[Data extracted from a collection]
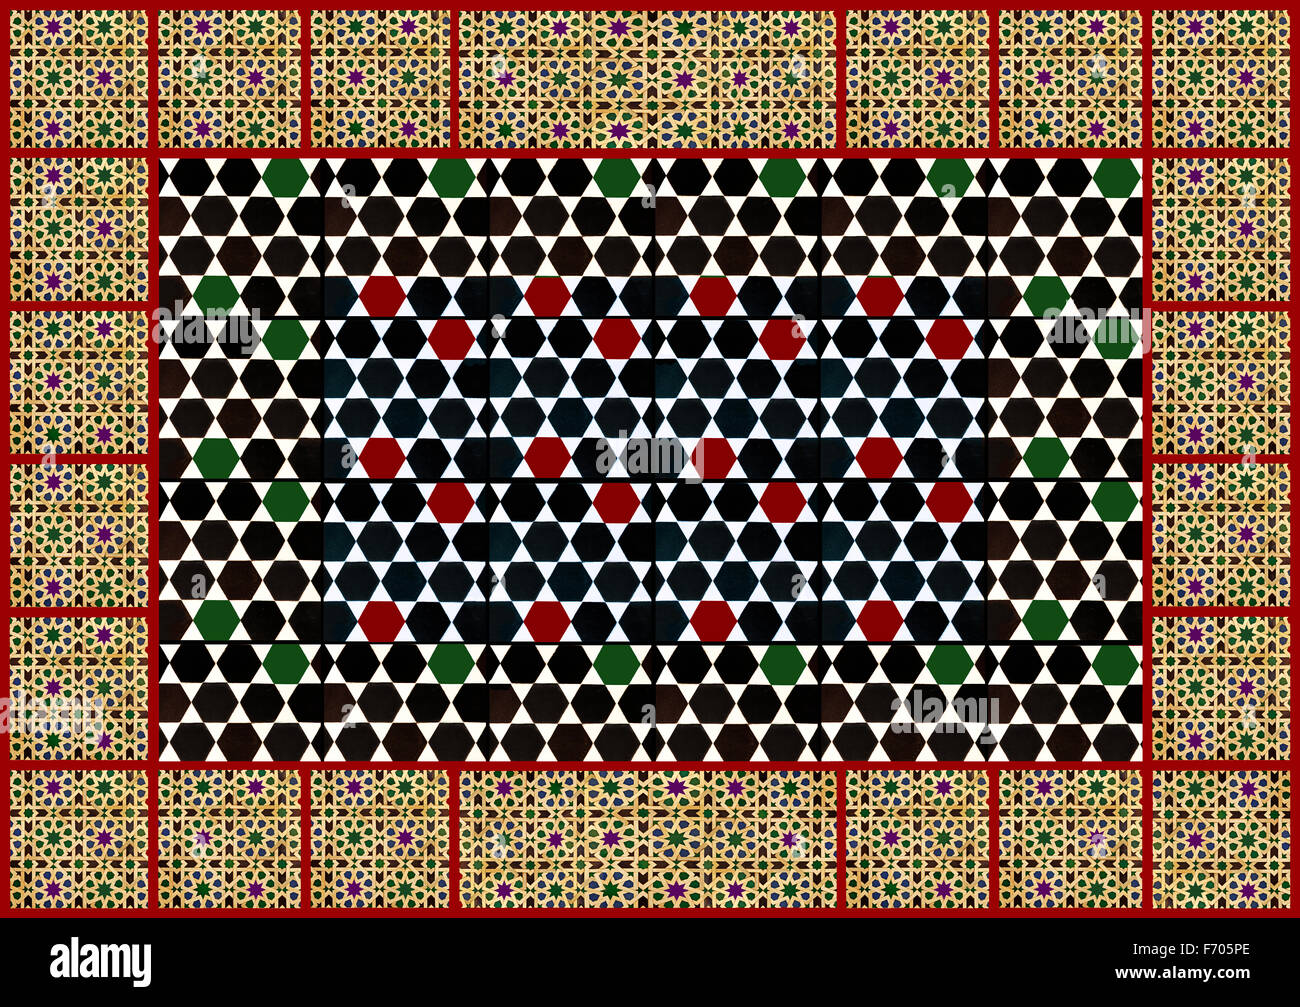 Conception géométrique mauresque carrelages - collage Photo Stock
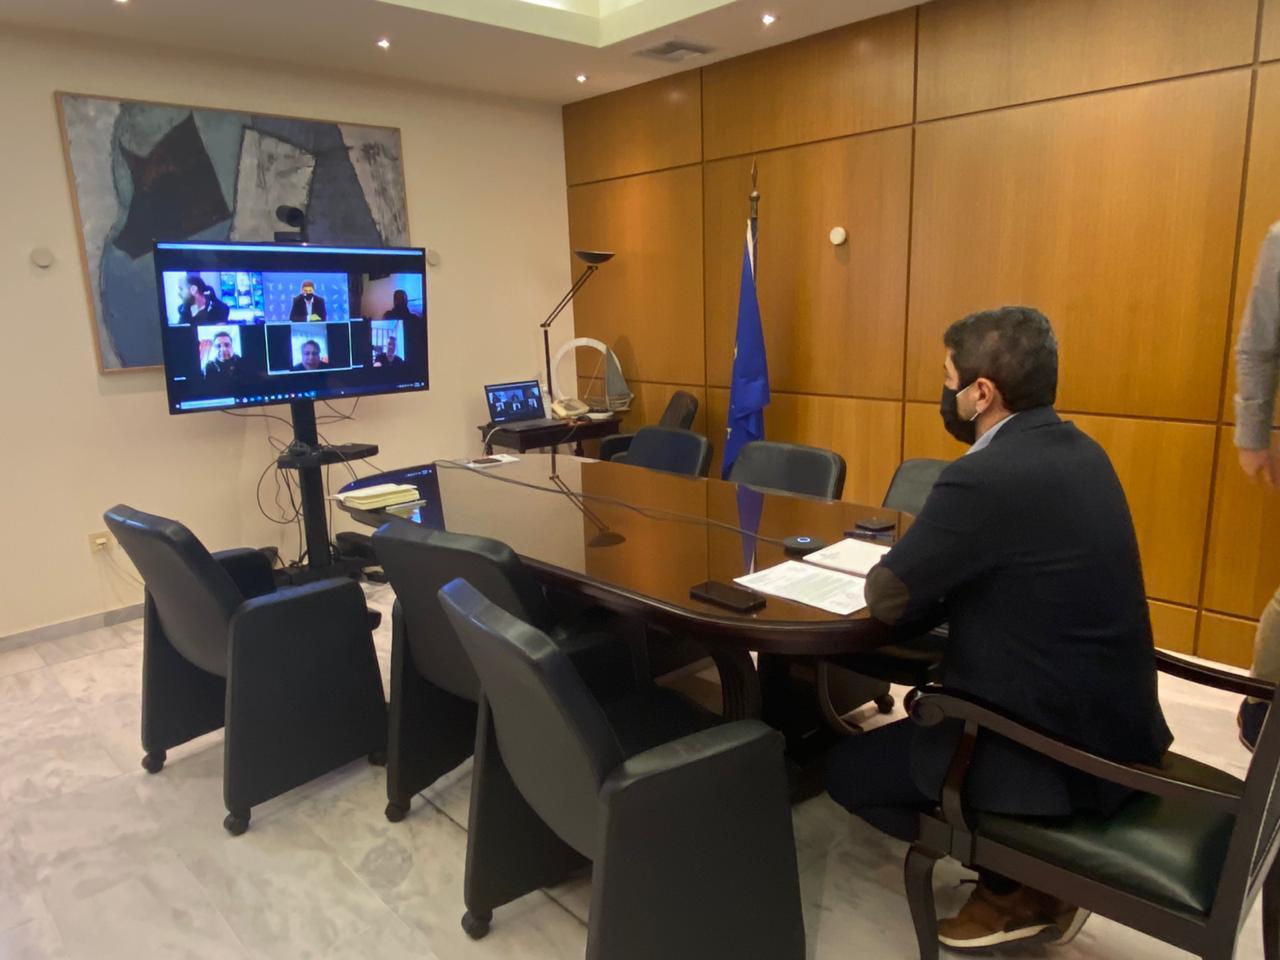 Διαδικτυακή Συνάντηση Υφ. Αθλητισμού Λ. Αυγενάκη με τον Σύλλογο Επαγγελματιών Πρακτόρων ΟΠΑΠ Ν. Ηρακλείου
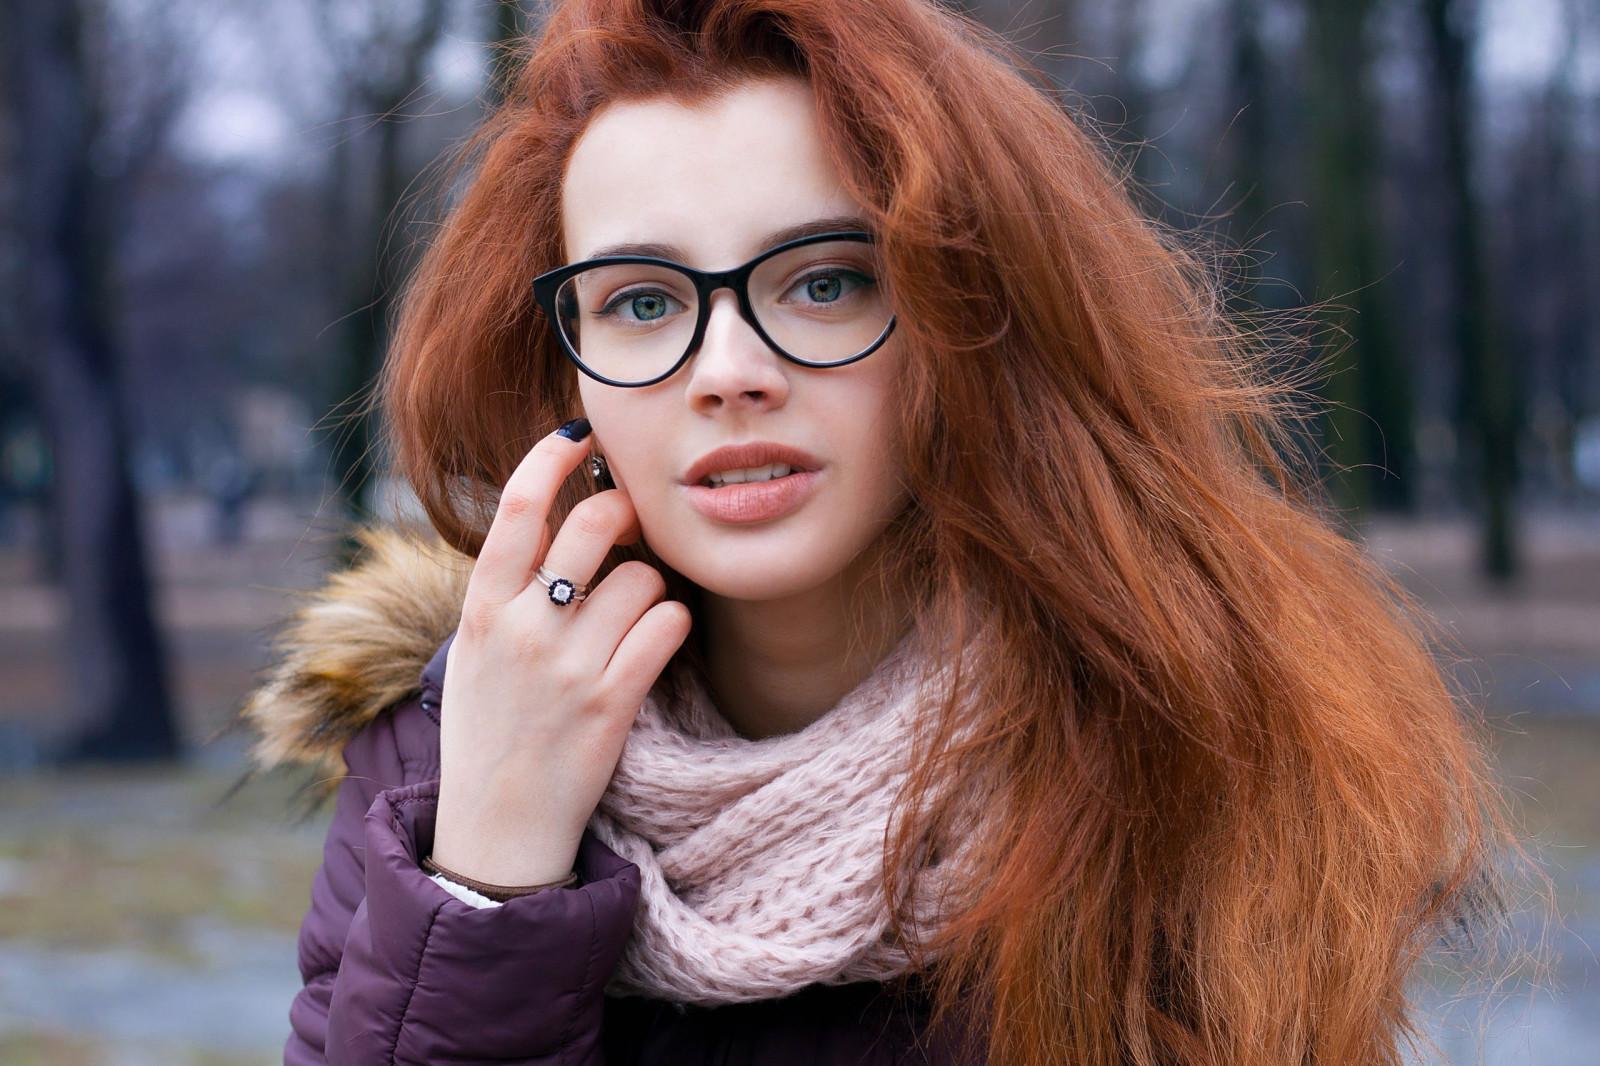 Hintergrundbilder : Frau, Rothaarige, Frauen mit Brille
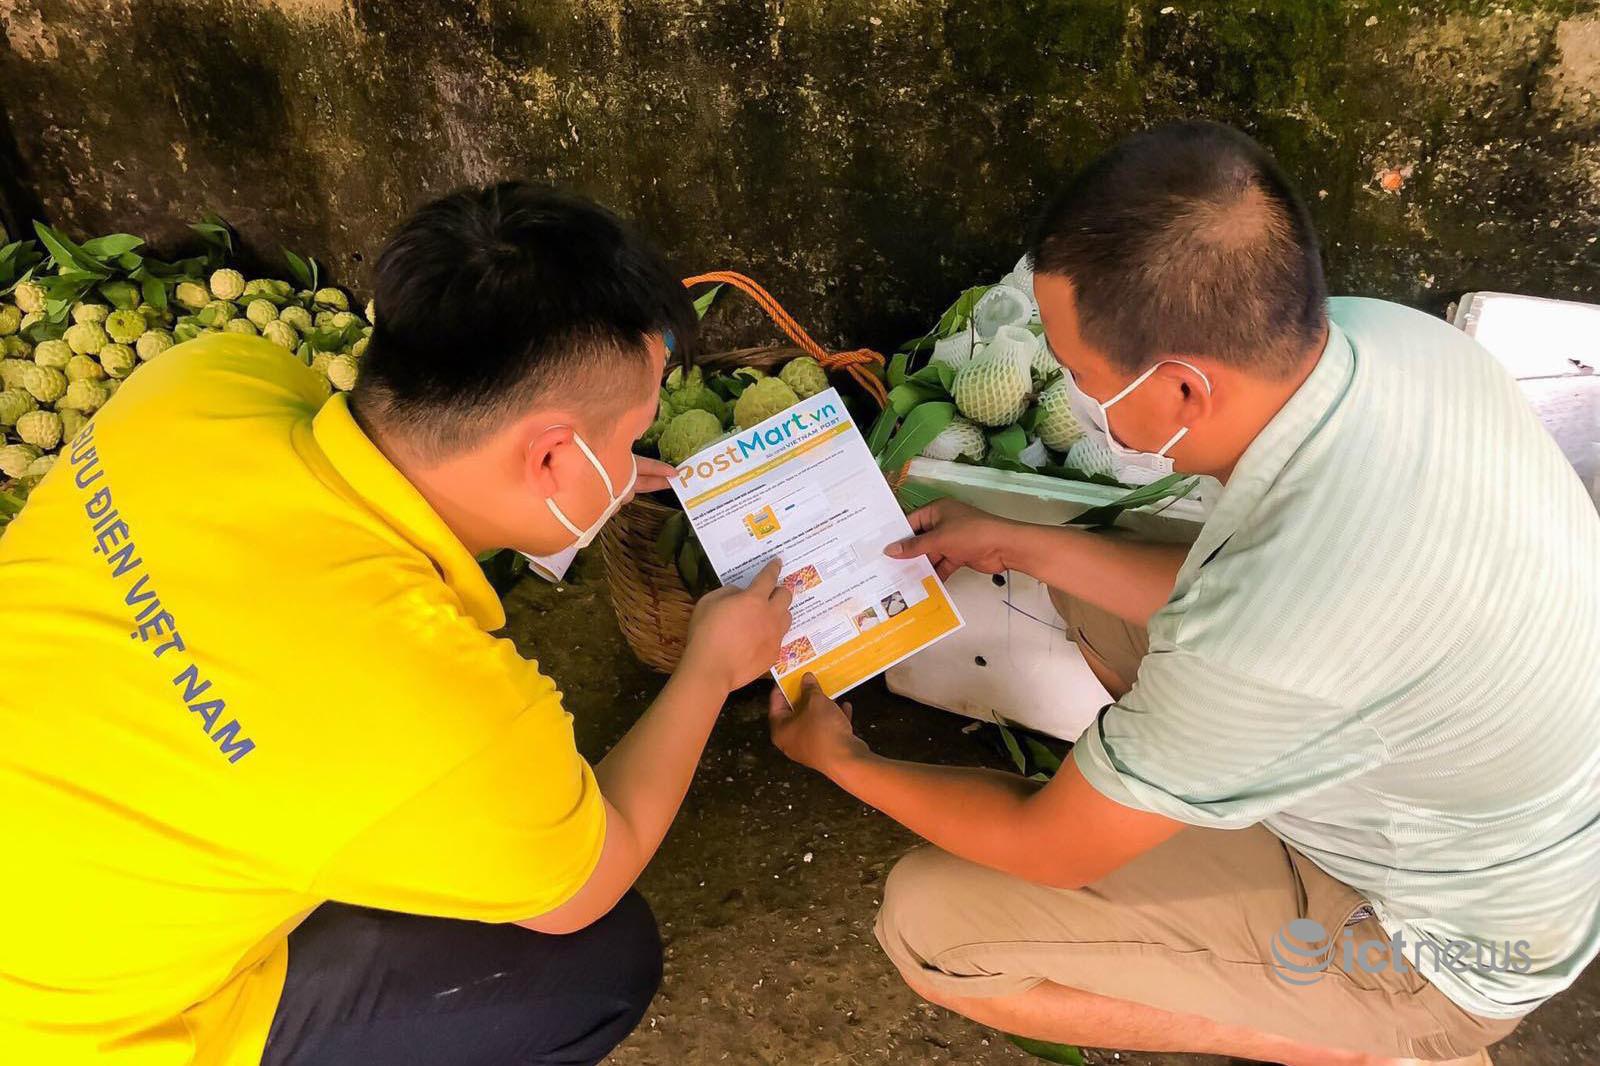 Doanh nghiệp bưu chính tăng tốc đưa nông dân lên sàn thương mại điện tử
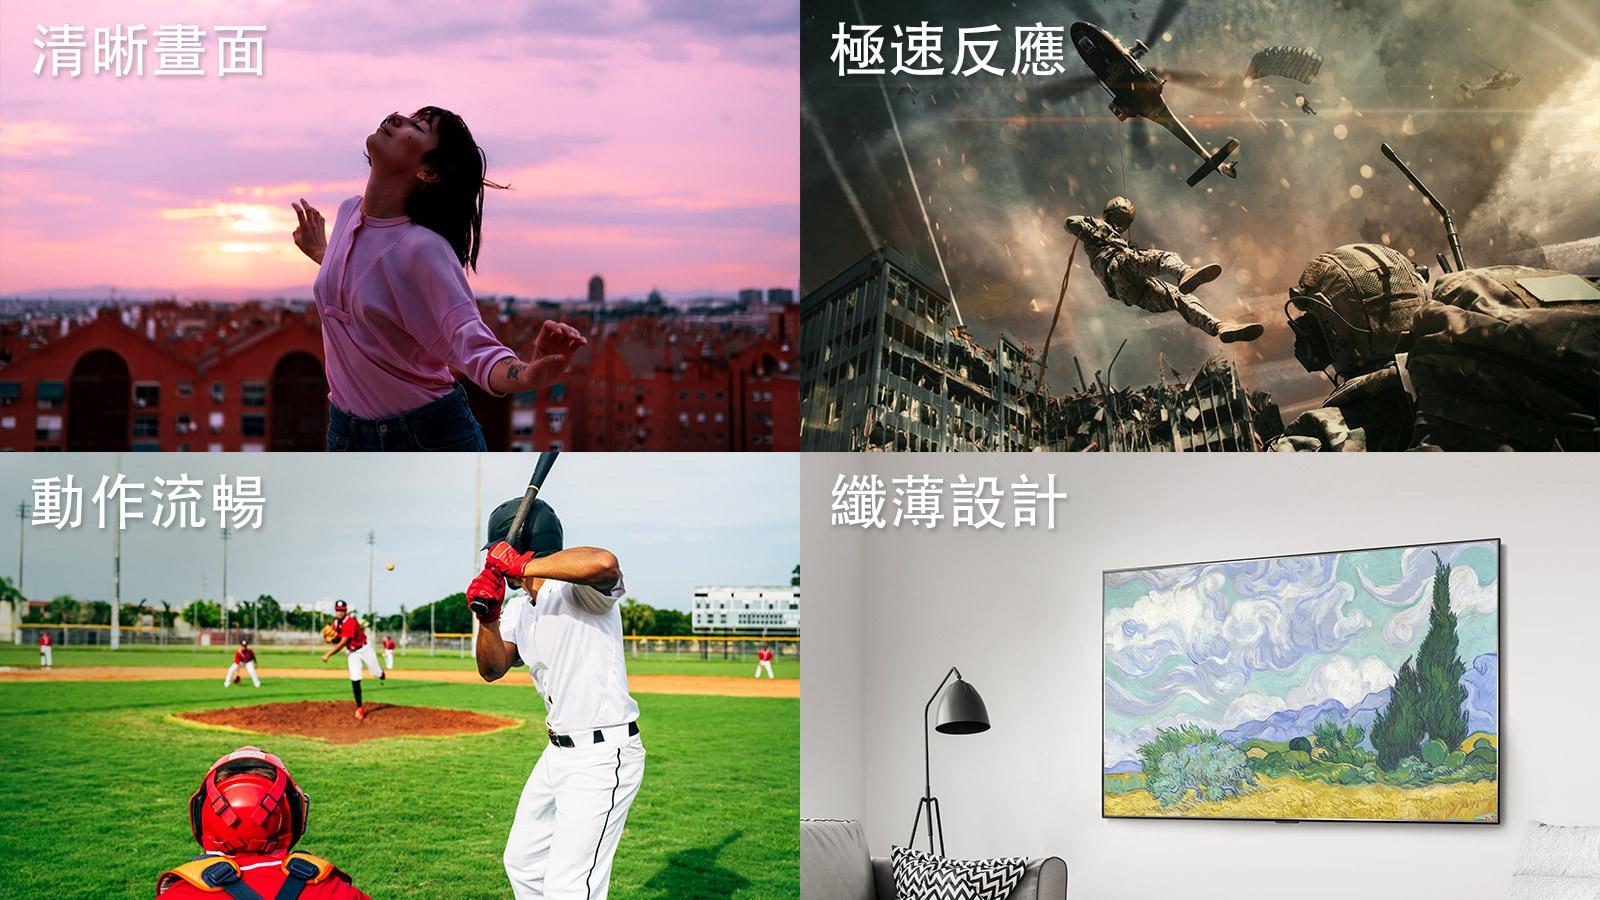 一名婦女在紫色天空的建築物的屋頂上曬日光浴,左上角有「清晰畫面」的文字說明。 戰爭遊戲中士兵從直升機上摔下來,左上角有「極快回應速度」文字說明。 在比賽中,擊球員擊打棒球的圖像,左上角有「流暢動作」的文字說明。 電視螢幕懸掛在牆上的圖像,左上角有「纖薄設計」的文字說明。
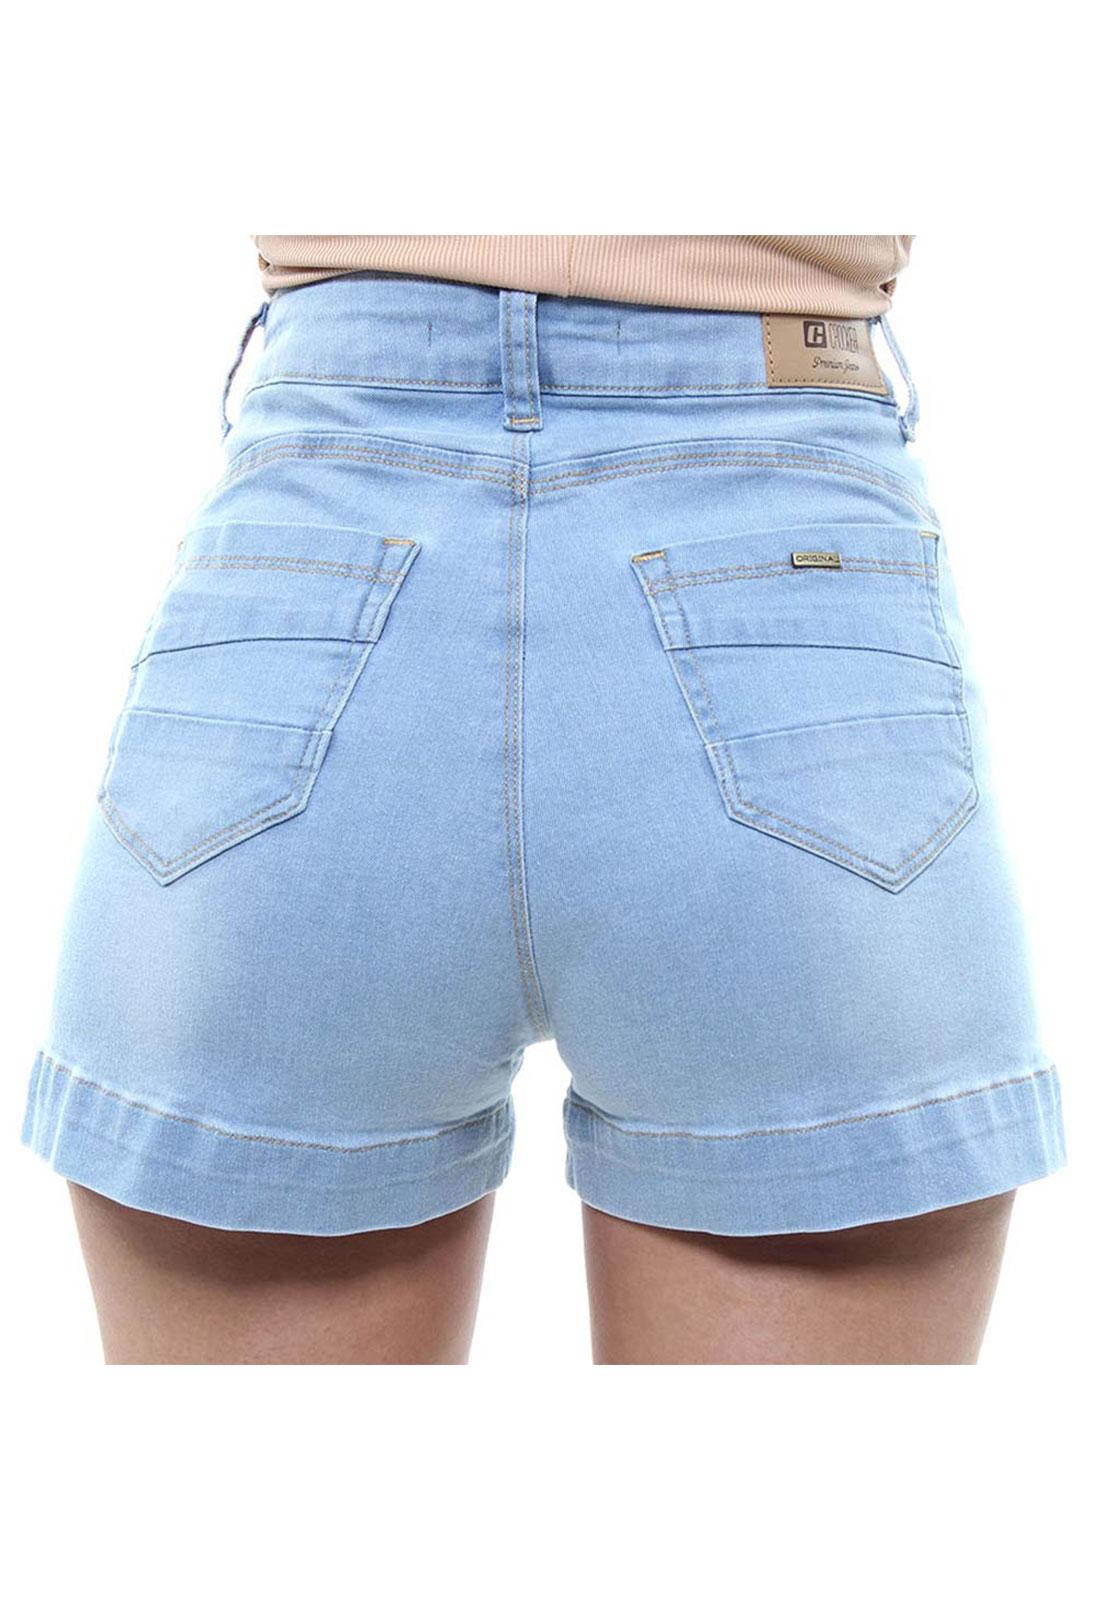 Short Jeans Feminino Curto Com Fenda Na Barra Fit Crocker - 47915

WHAT NEEDS TO BE DONE:
Leave out the pictures and copy exactly the lines from the one with "Hintergrundbilder : Frau, Rothaarige, Frauen" through the last line of the records above.

WORKED SOLUTION:
 Hintergrundbilder : Frau, Rothaarige, Frauen mit Brille
 Doanh nghiệp bưu chính tăng tốc đưa nông dân lên sàn thương mại điện tử
 一名婦女在紫色天空的建築物的屋頂上曬日光浴,左上角有「清晰畫面」的文字說明。 戰爭遊戲中士兵從直升機上摔下來,左上角有「極快回應速度」文字說明。 在比賽中,擊球員擊打棒球的圖像,左上角有「流暢動作」的文字說明。 電視螢幕懸掛在牆上的圖像,左上角有「纖薄設計」的文字說明。
 Short Jeans Feminino Curto Com Fenda Na Barra Fit Crocker - 47915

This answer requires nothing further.